» DATA
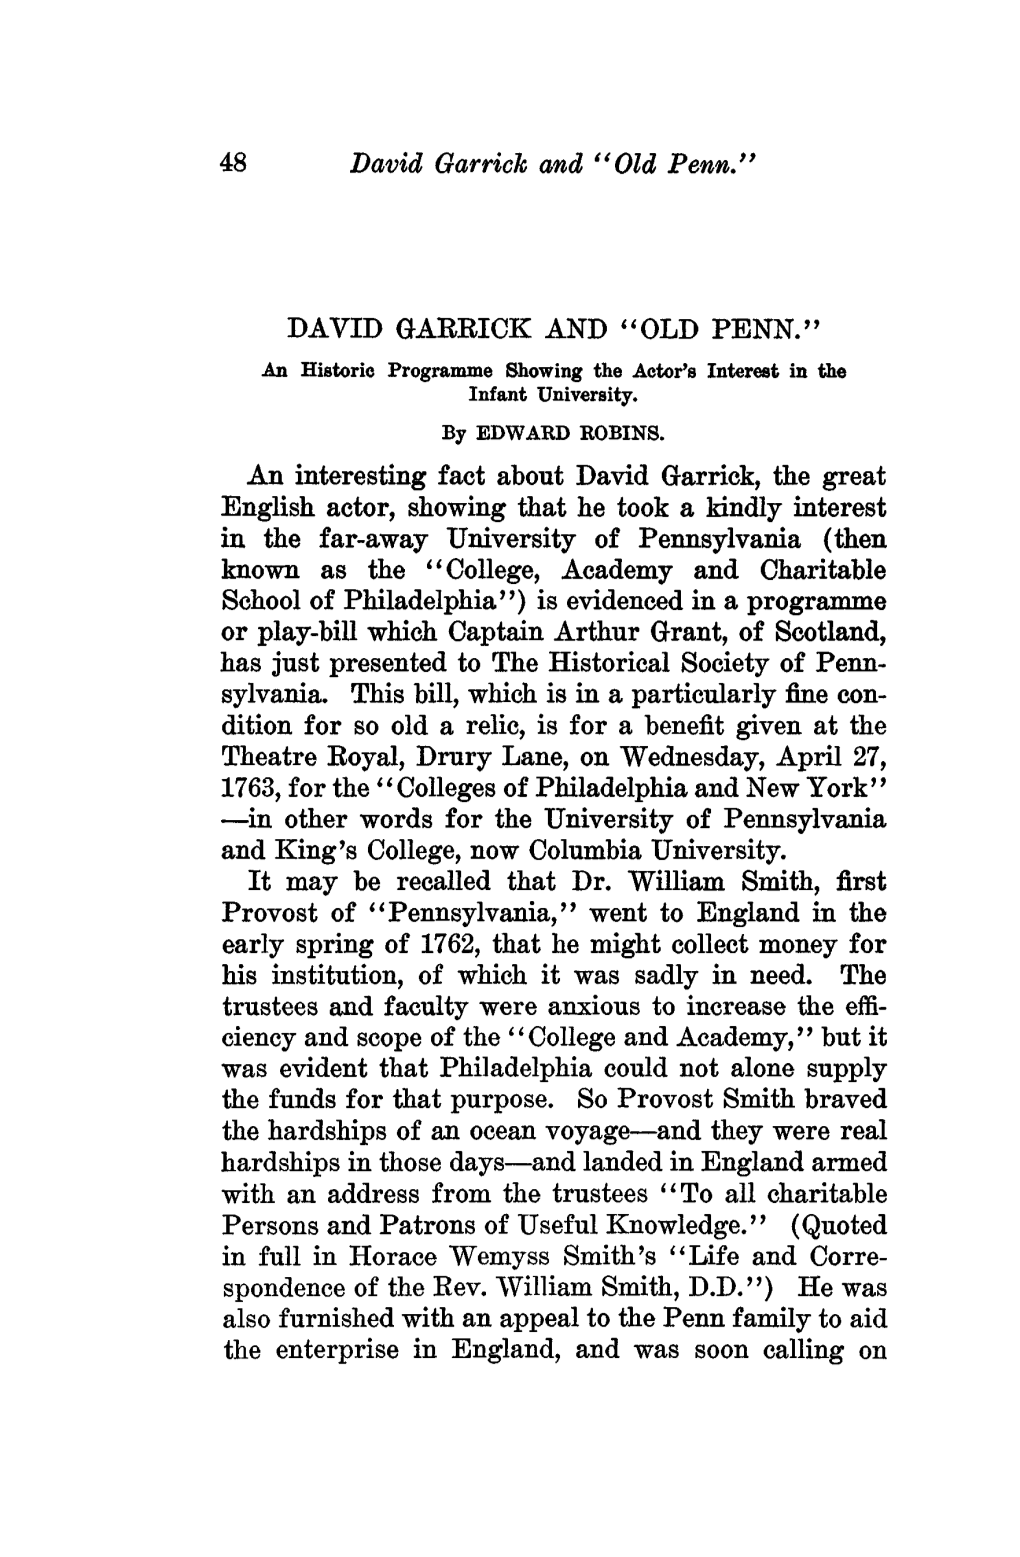 48 David Gar Rick and "Old Penn." DAVID GAEBICK and "OLD PENN." an Interesting Fact About David Garrick
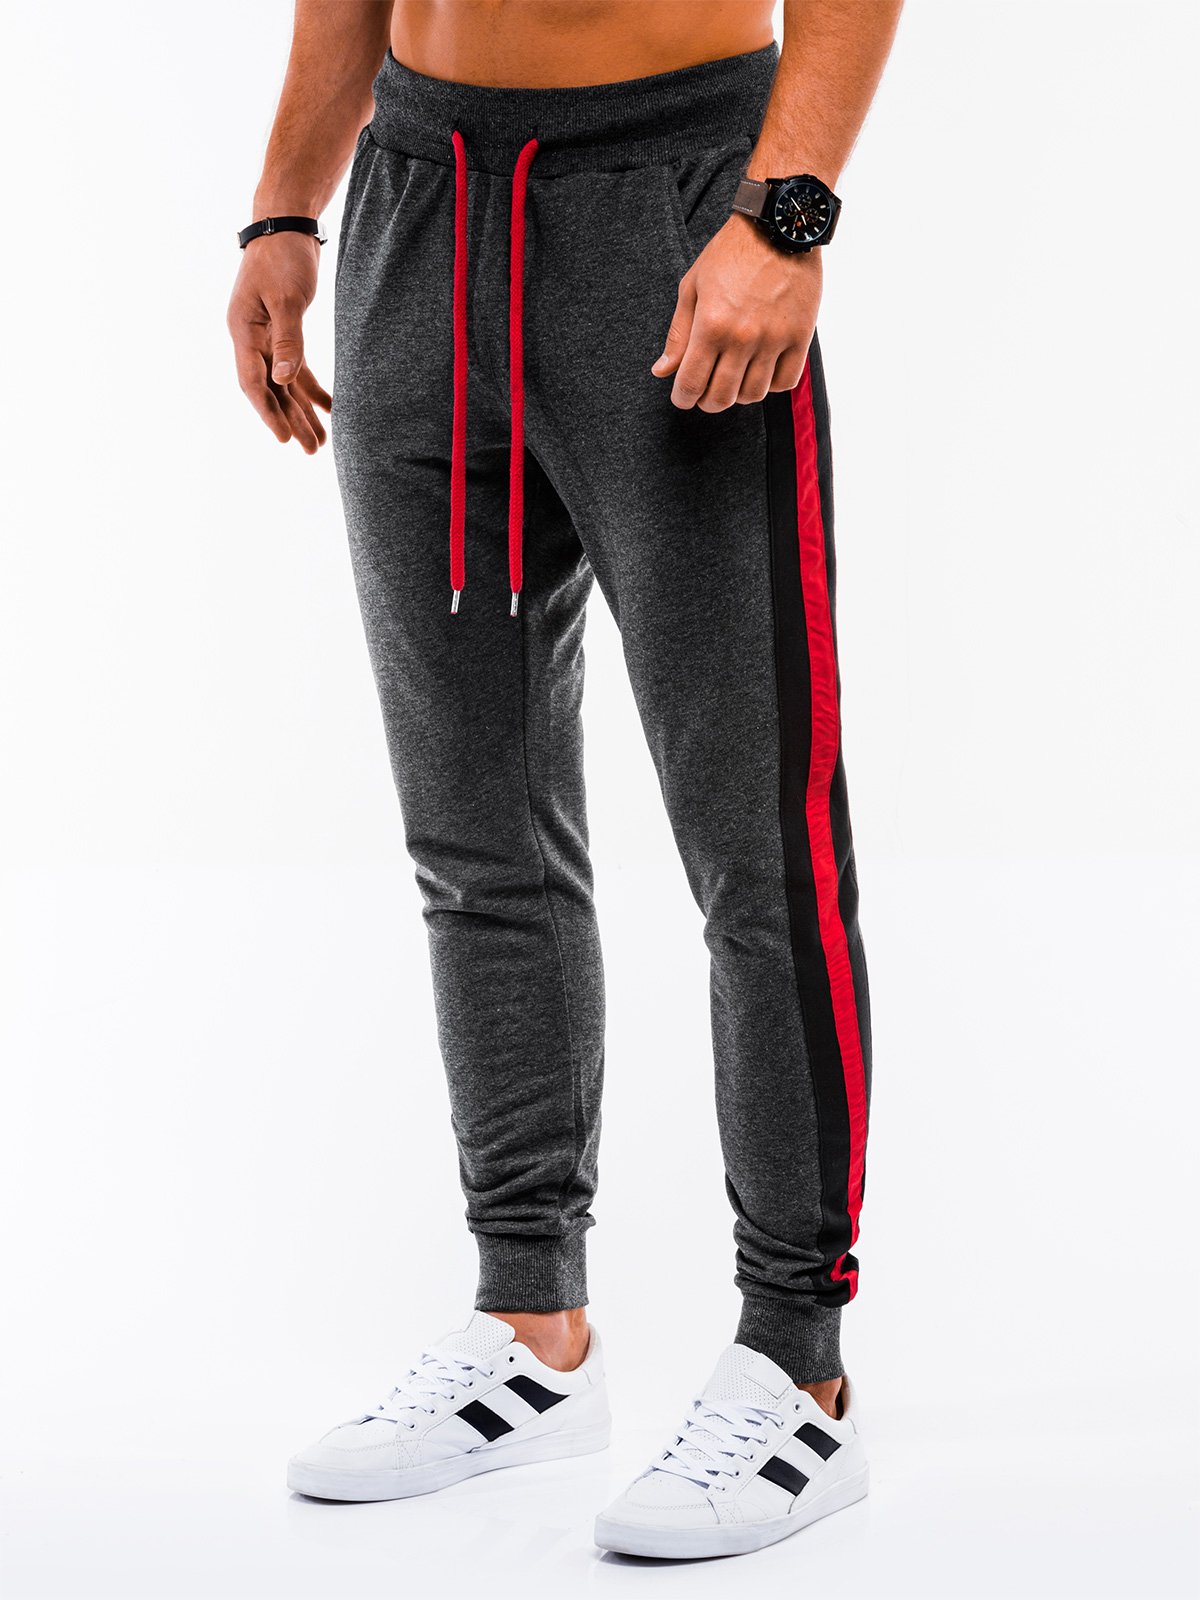 Men's sweatpants P715 - dark grey | MODONE wholesale - Clothing For Men
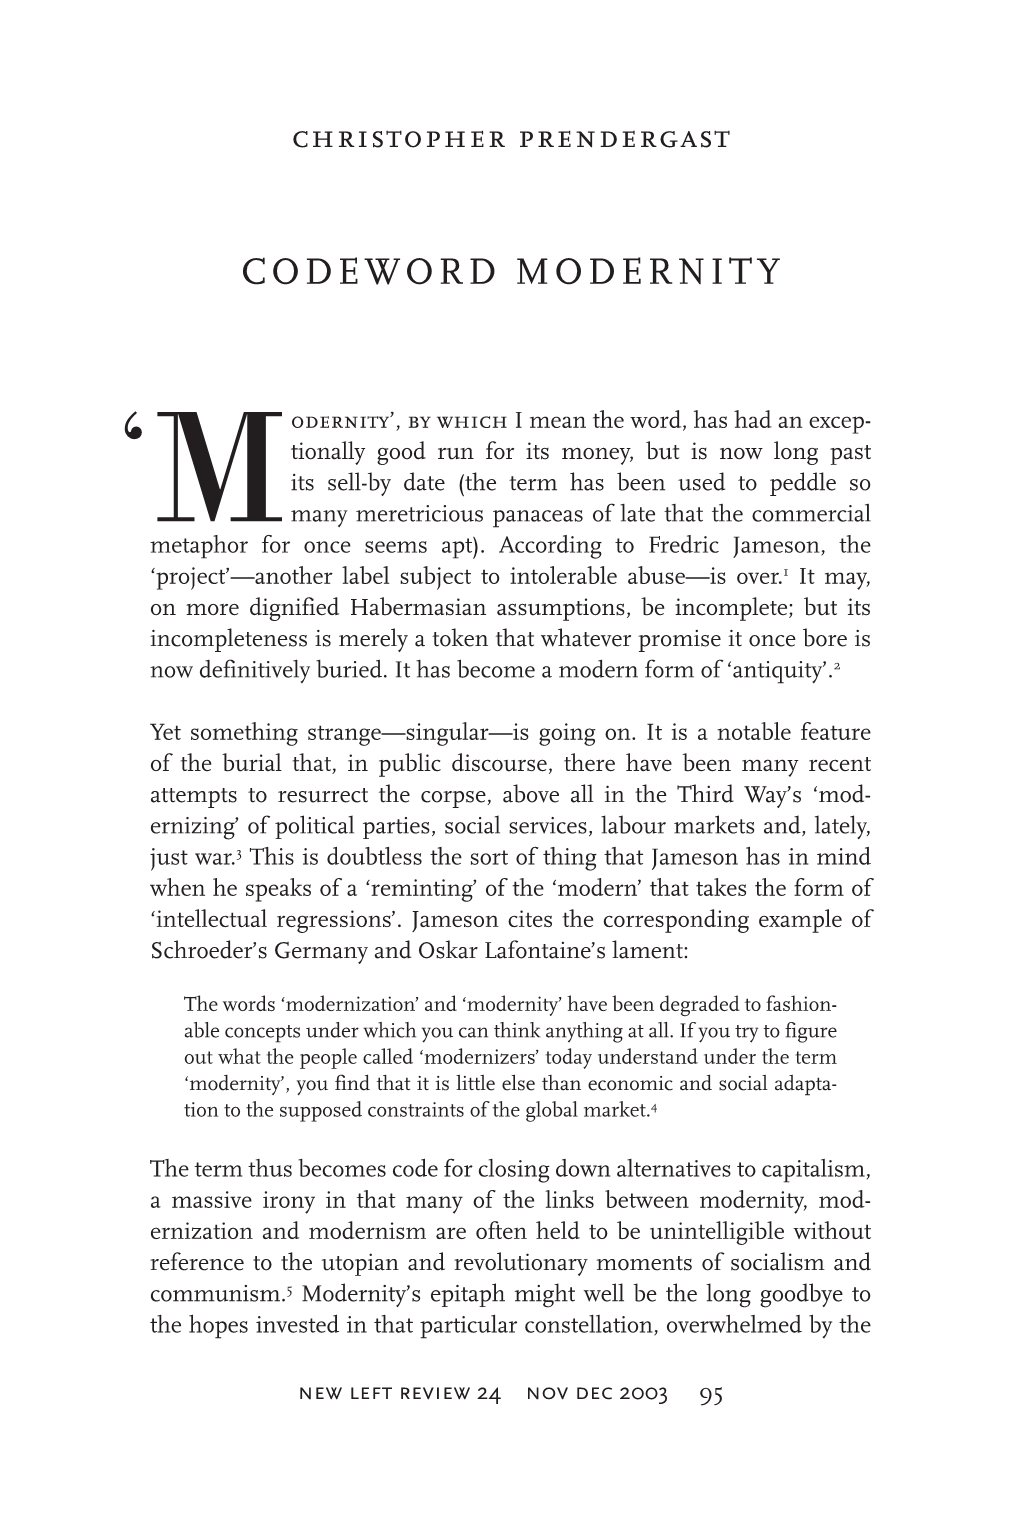 Codeword Modernity

» BRIEF
Only the text of the listing above is copied, exactly as written; its pictures are dropped.

» FINISHED EXERCISE
 48 David Gar Rick and "Old Penn." DAVID GAEBICK and "OLD PENN." an Interesting Fact About David Garrick
 Men's sweatpants P715 - dark grey | MODONE wholesale - Clothing For Men
 Codeword Modernity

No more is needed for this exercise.